The selection of Evans & Evans, Inc. as valuator was made by the Special Committee. The board of directors of Yalian, upon consultation with its financial and legal advisors and following receipt of a recommendation of the Special Committee, has (with the exception of Mr. Yu and Ms. Xia Xu who is a Supporting Shareholder, each of whom have abstained from voting) unanimously accepted the Special Committee's recommendation and determined that the Offer is fair, from a financial point of view, to the shareholders of Yalian and is in the best interests of Yalian and the shareholders of Yalian. Accordingly, the board has unanimously approved the Support Agreement and the recommendation that shareholders of Yalian (other than Offeror and its associates and affiliates including Mr. Yu) accept the Offer.

Concurrently with the execution of the Support Agreement, the directors and officers of Yalian entered into lock-up agreements with the Offeror pursuant to which they have agreed to deposit all Yalian shares under the Offer. The locked up shareholders own, in the aggregate 2,957,500 Yalian shares, representing approximately 3.0% of the Yalian shares on a fully diluted basis.

The Offer will be made in the form of a take-over bid. The Support Agreement also contains customary non-solicitation covenants and Yalian has reserved the right to respond to superior proposals if certain conditions are met, subject to the Offeror's right to match any such superior proposal.
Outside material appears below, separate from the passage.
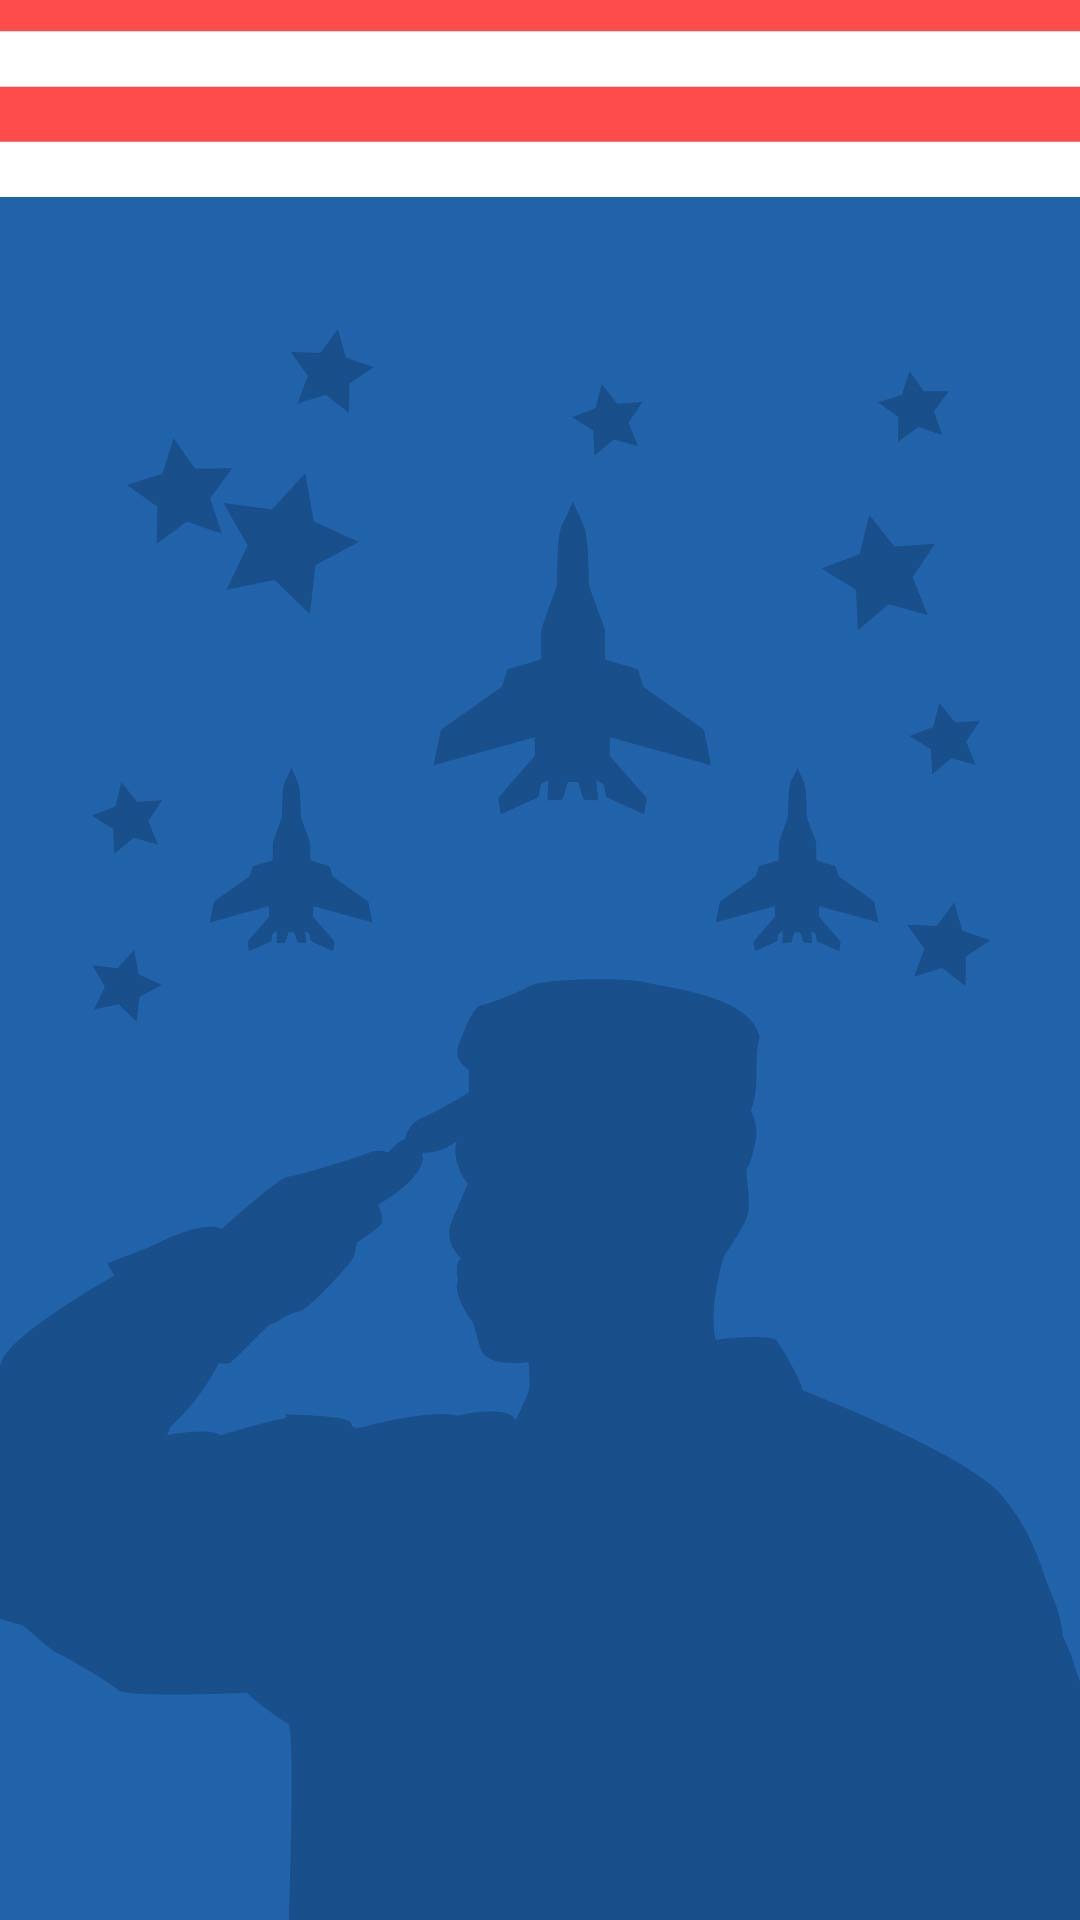 Armed Forces Day iPhone Background in PDF, Illustrator, PSD, EPS, SVG, JPG, PNG

The Offer will be subject to customary conditions. The full and important details of the Offer will be included in the formal offer and takeover bid circular, which is expected to be mailed to shareholders in the next 10 days, together with a directors' circular which will set out the board of director's unanimous recommendations that shareholders accept the Offer. Once mailed, the take-over bid circular and the directors' circular will be available on SEDAR at www.sedar.com.

About the Offeror

0957703 B.C. Ltd. is a newly incorporated British Columbia corporation that is wholly-owned by Mr. Xin Duo Yu and was incorporated for the purposes of being the bid vehicle in the Offer.

About Mr. Yu

Mr. Xin Duo Yu is a director and the chairman of the board of Yalian Steel Corporation and the owner of (together with associates and affiliates) of 14.74% of the issued and outstanding share capital of Yalian Steel Corporation. Mr. Yu is a successful entrepreneur with extensive experience in building businesses in China. He is the founder, Chief Executive Officer and a director of Hanfeng Evergreen Inc., a China-based, TSX listed company. Under his leadership, Hanfeng has grown from a small nursery and landscaping company into China's largest producer of slow and controller release fertilizers with domestic production facilities in four provinces and new facilities being constructed in Indonesia. His understanding of both the China business landscape and the Canadian capital markets has established Hanfeng as one of the most respected China-based, TSX listed companies. Mr. Yu has lent his expertise to other successful China - based TSX issuers such as Hanwei Energy Services, a growing manufacturer of high qualitly products for China's oil and gas, coal, and wind power industries, where he served as a founding director from November 2005 to May 2008. Prior to his business career, Mr. Yu was a government official.

About Yalian

Yalian Steel Corporation is a British Columbia corporation focused on the production of high quality Longitudinally Submerged Arc Welded (LSAW) steel pipe to service Asia's rapidly growing energy transportation infrastructure market. Yalian has recently completed construction of its initial manufacturing facility in city of Yangzhou, in the Jiangsu province of China. Yalian's production line has a rated capacity of up to 200,000 metric tons per year, depending on product and mix specifications. The Yangzhou Yalian plant utilizes the JCOE (J- ing, C-ing, O-ing, Expanding) process, an advanced method of LSAW pipe production that involves the bending and shaping of X-70 and higher grade steel. Yalian's Yangzhou plant also has an anti-corrosion line to provide external and internal 3PE, 3PP, FBE/DFBE coating service with annual capacity of 2,500,000 square meters for external coating products and 2,000,000 square meters for internal coating products.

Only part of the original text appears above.